GIVEN RECORDS:

####

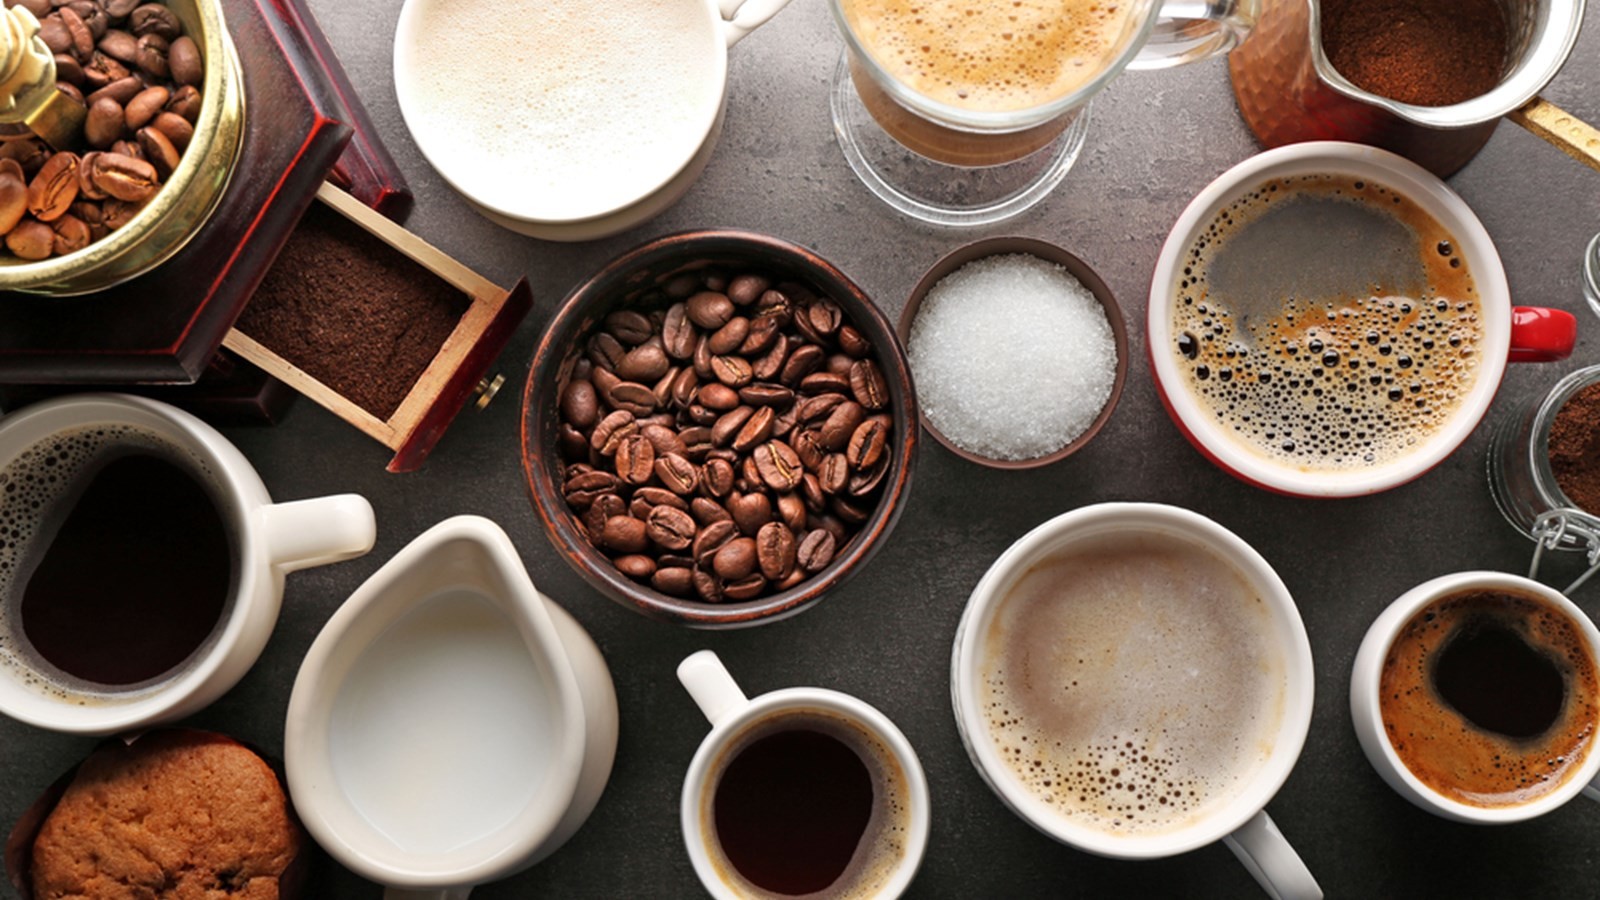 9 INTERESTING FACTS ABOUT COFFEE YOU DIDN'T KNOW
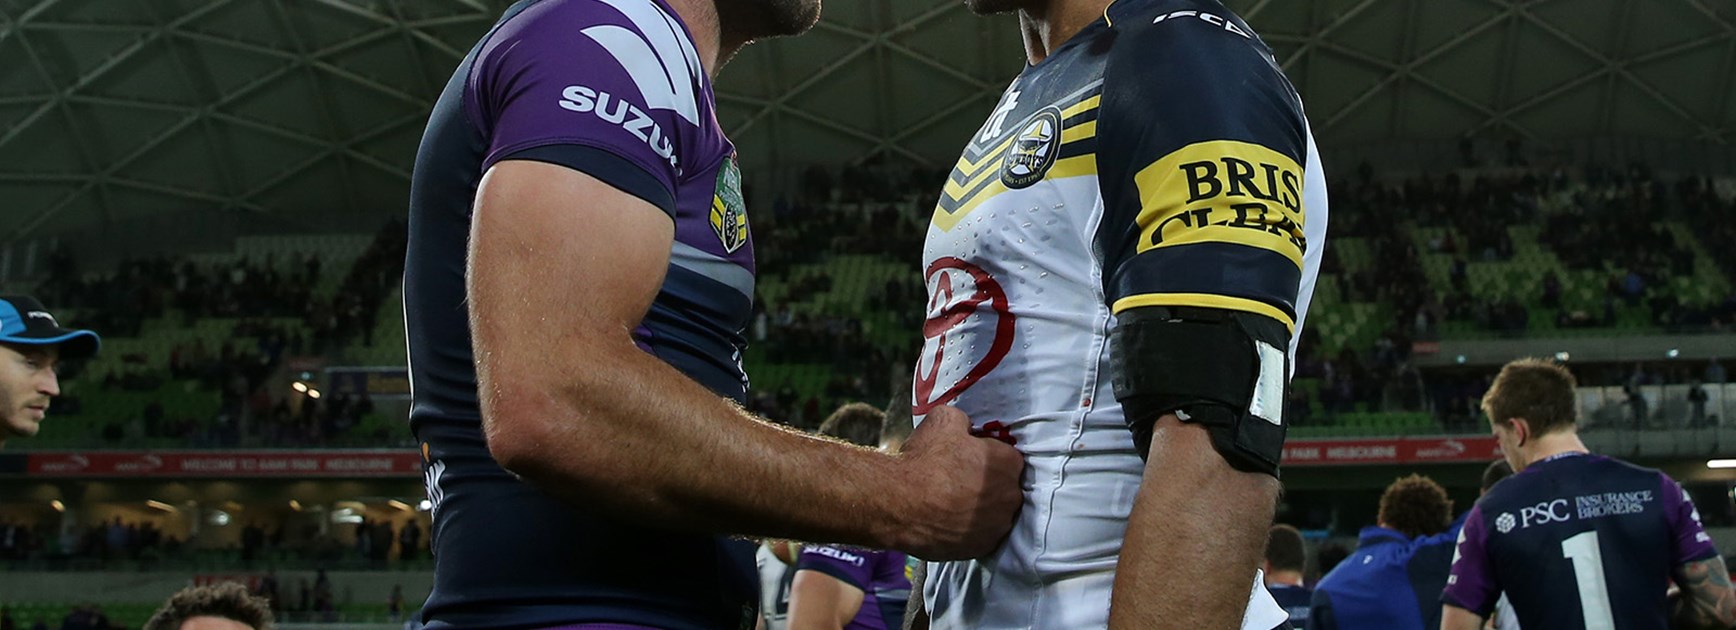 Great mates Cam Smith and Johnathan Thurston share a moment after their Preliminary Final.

####

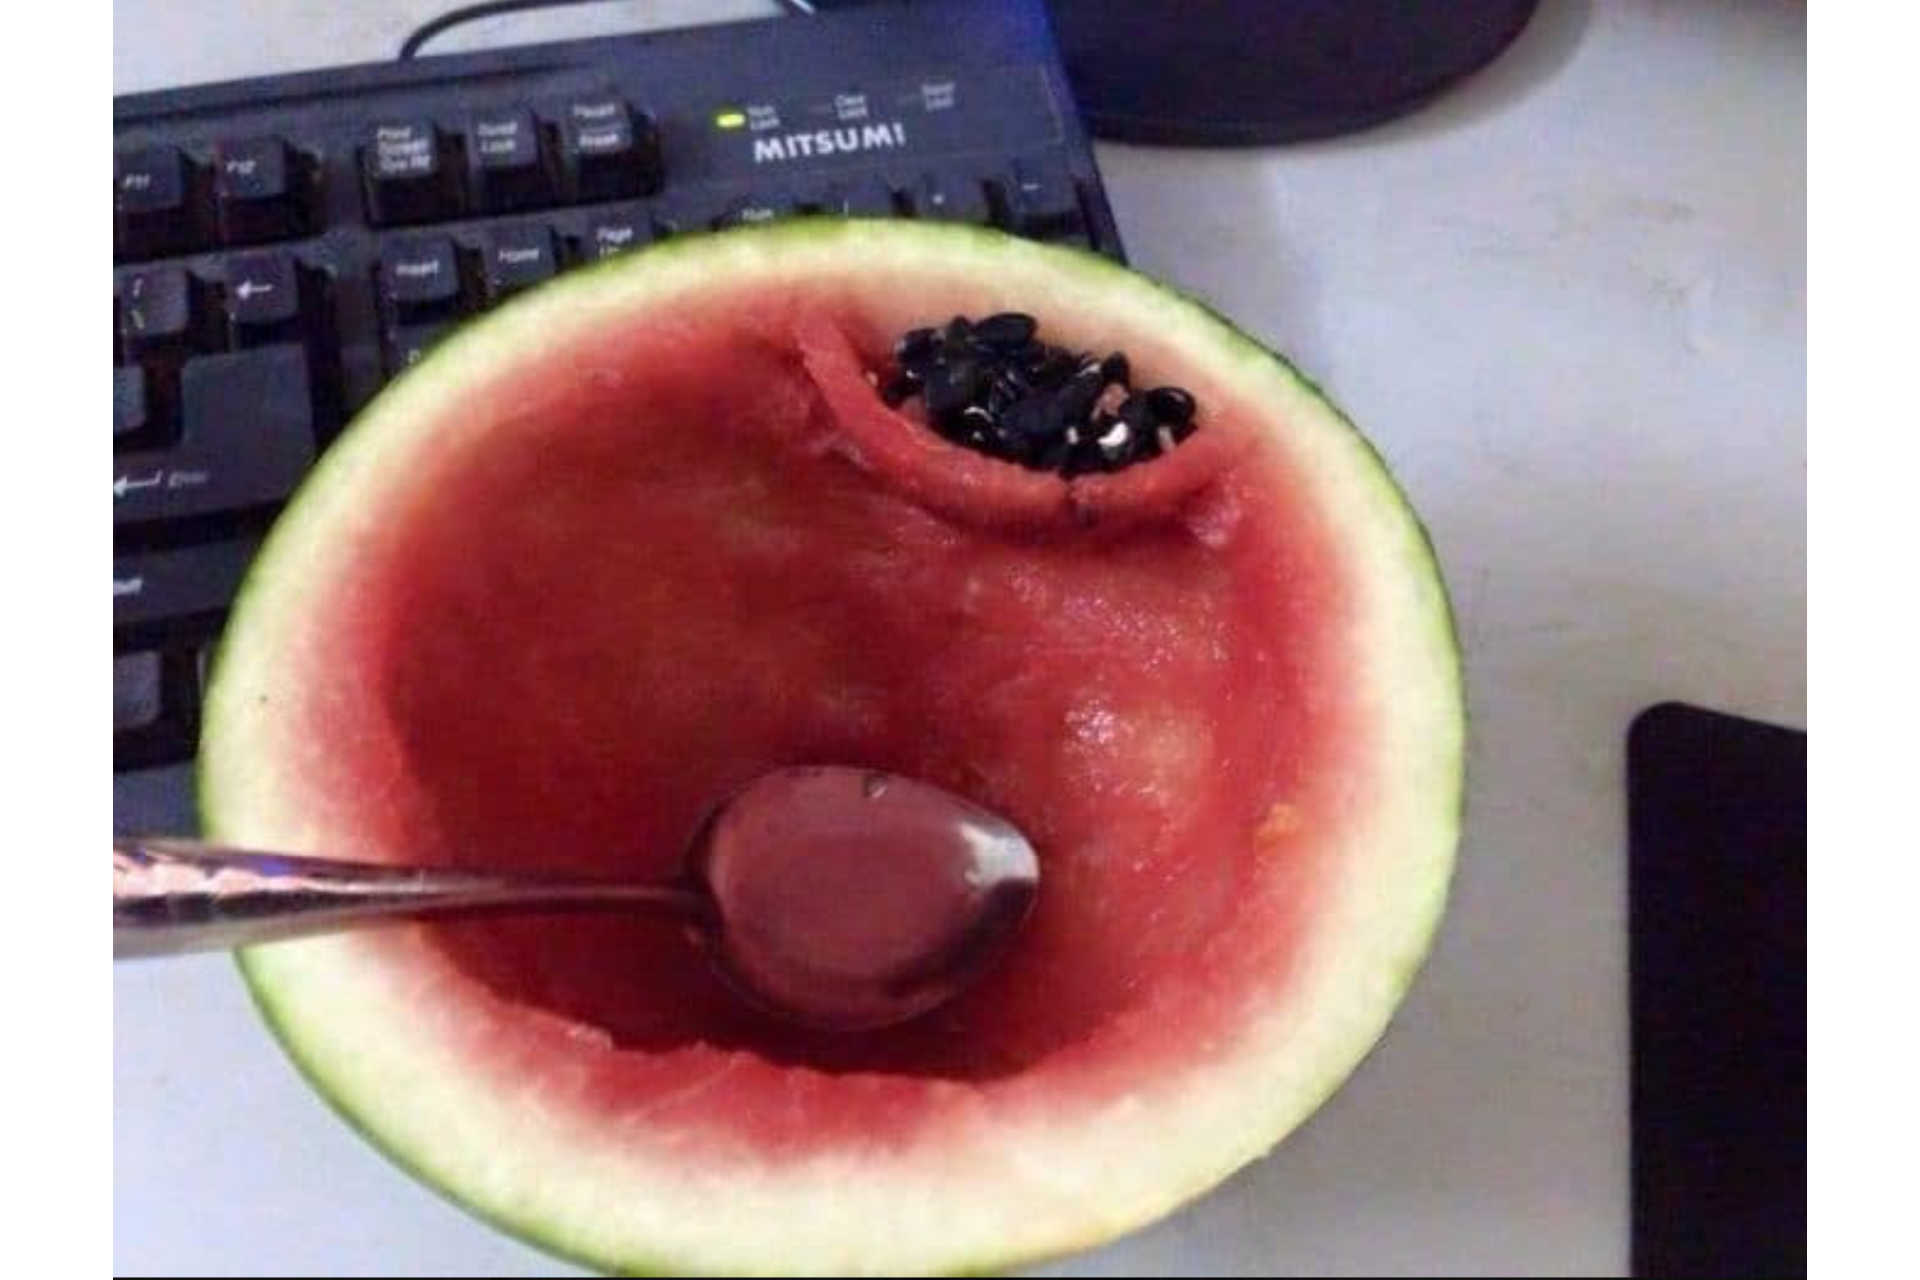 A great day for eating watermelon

####

WORK TO COMPLETE:
Copy needed, without pictures: the lines of the listing above from the line containing "9 INTERESTING FACTS" up to and including the line containing "Great mates Cam", set down exactly.

SOLUTION FOR THIS PROBLEM:
 9 INTERESTING FACTS ABOUT COFFEE YOU DIDN'T KNOW
 Great mates Cam Smith and Johnathan Thurston share a moment after their Preliminary Final.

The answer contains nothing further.